Aliquot sequences that start on the integer powers n^i
On my website, I wrote a page that summarizes my work on aliquot sequences starting on integer powers n^i. This page summarizes the results and reservations for each aliquot sequences one has chosen to calculate.
[URL="http://www.aliquotes.com/aliquotes_puissances_entieres.html"]See this page.[/URL] If someone in this forum also wants to calculate these aliquot sequences with me, he can indicate it to me here and I note his name in the cells of my page to reserve him the integer powers of his choice. He will then have to enter the results into factordb and let me know so that I can fill and color the cells of the array as appropriate. Note : For openend aliquot sequences, I stop at 10^120 (orange color cells). 

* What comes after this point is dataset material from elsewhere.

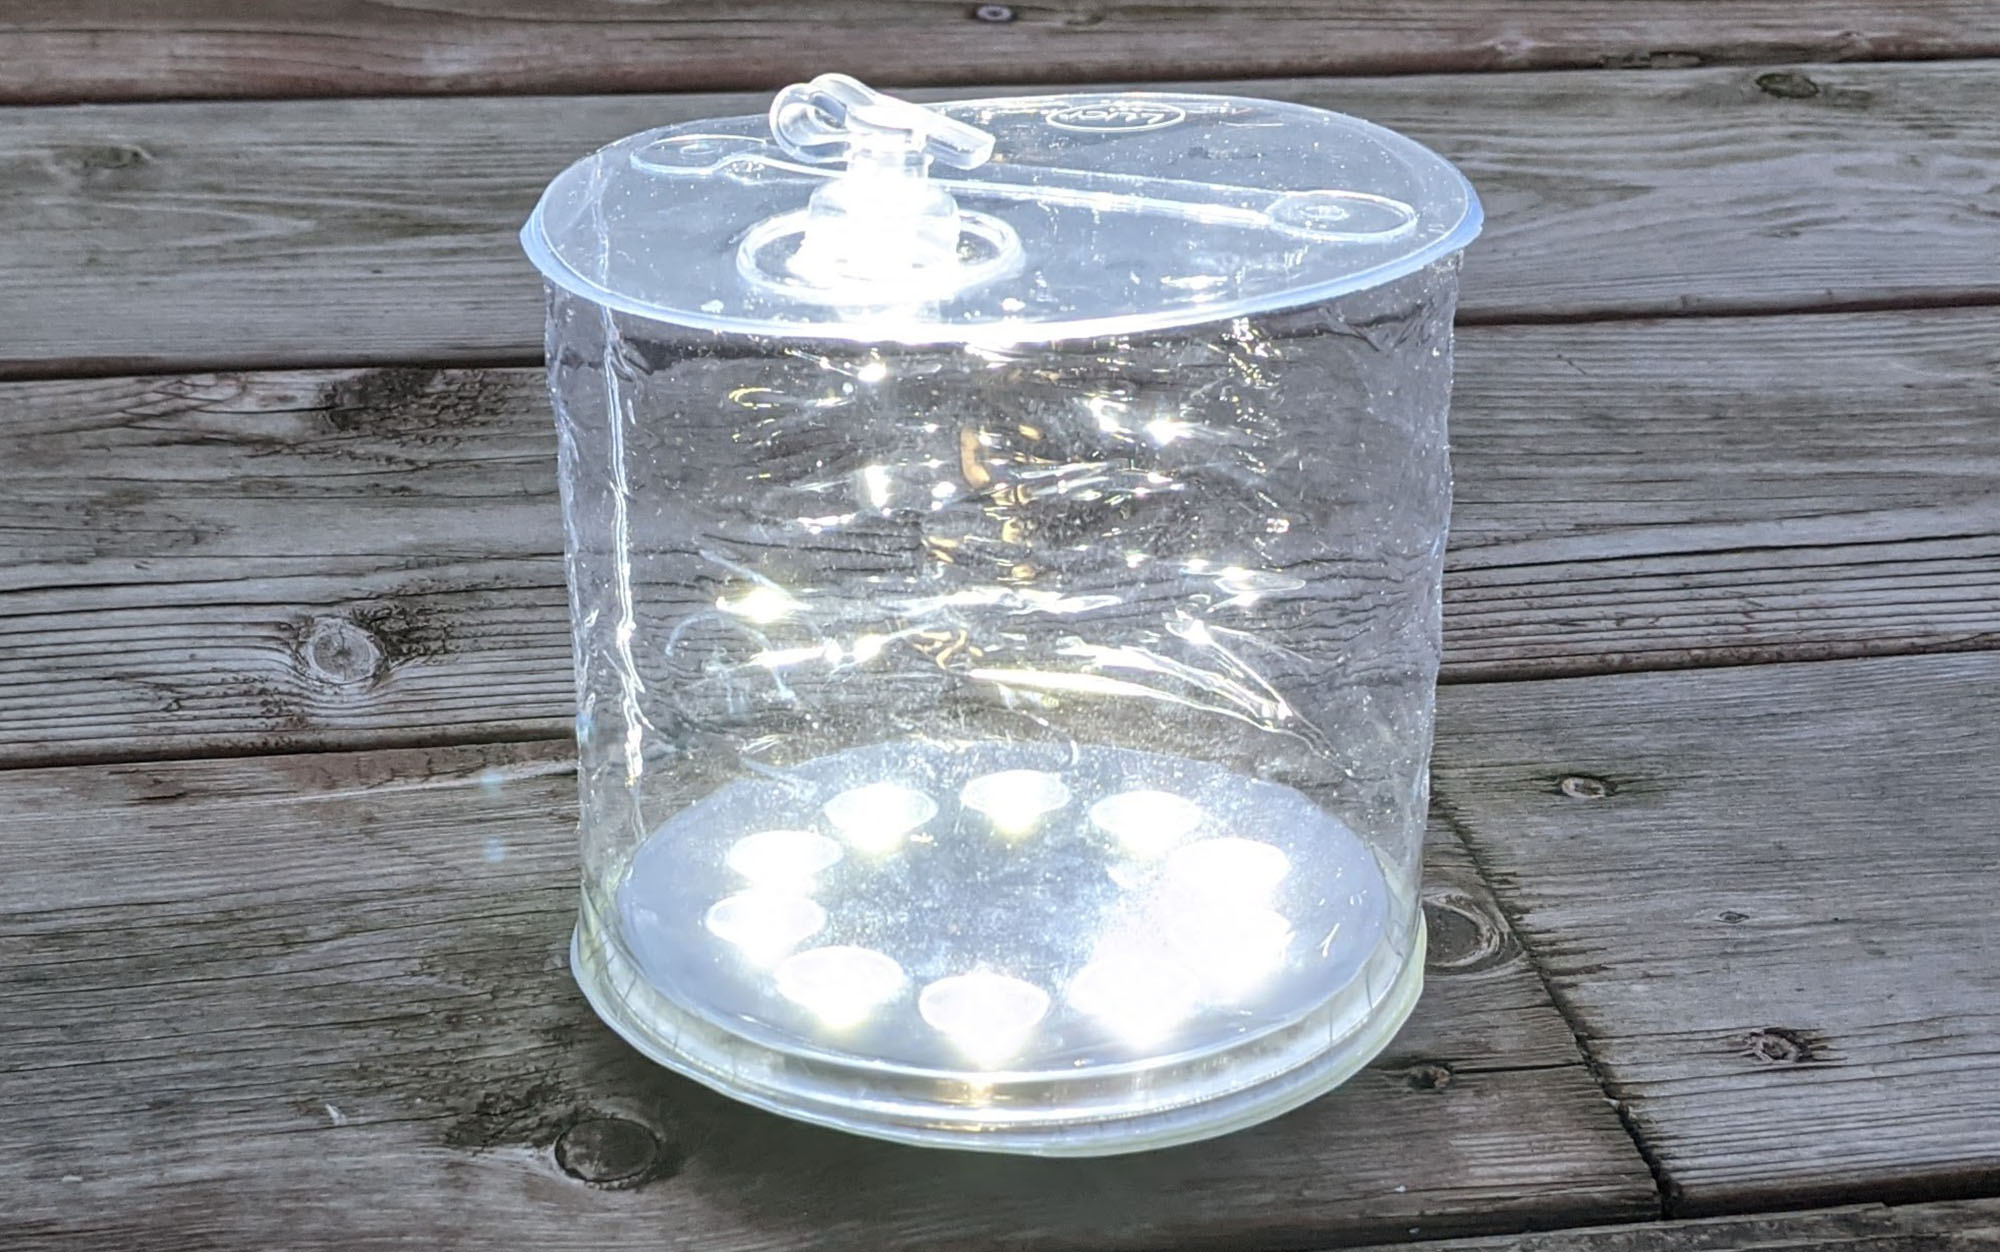 The MPOWERD Luci Outdoor 2.0 is the best budget camping lantern.

I am (occasionally) working on 6^n, the progress for the larger seq is due to me, in the past.

OK LaurV,
Do you remember for which i values you calculated the aliquot sequences of 6^i ? So I can add your name instead of "A" (Anonymous) in the array. 
Below 20 (and inclusive) the only sequences which do not terminate are 6^(7, 9, 11, 15, 19).
They are all at the point where I left them, except for few terms of 6^15 added by the elves where the last cofactor was under 110 digits. I work on 10077696 (6^9), and I reserved 95280 years ago, when 279936 (6^7) merged with it. I brought it to 148 digits (currently with a C140 cofactor, I still have it reserved, but not in priority list due to the 2^4*31 driver). Interesting that even powers (including higher, to 30 or 50, can't remember) all terminate, some in very large primes. Also, odd powers between 21 and 31 were left after C>100, and were advanced a bit by the DB elves. 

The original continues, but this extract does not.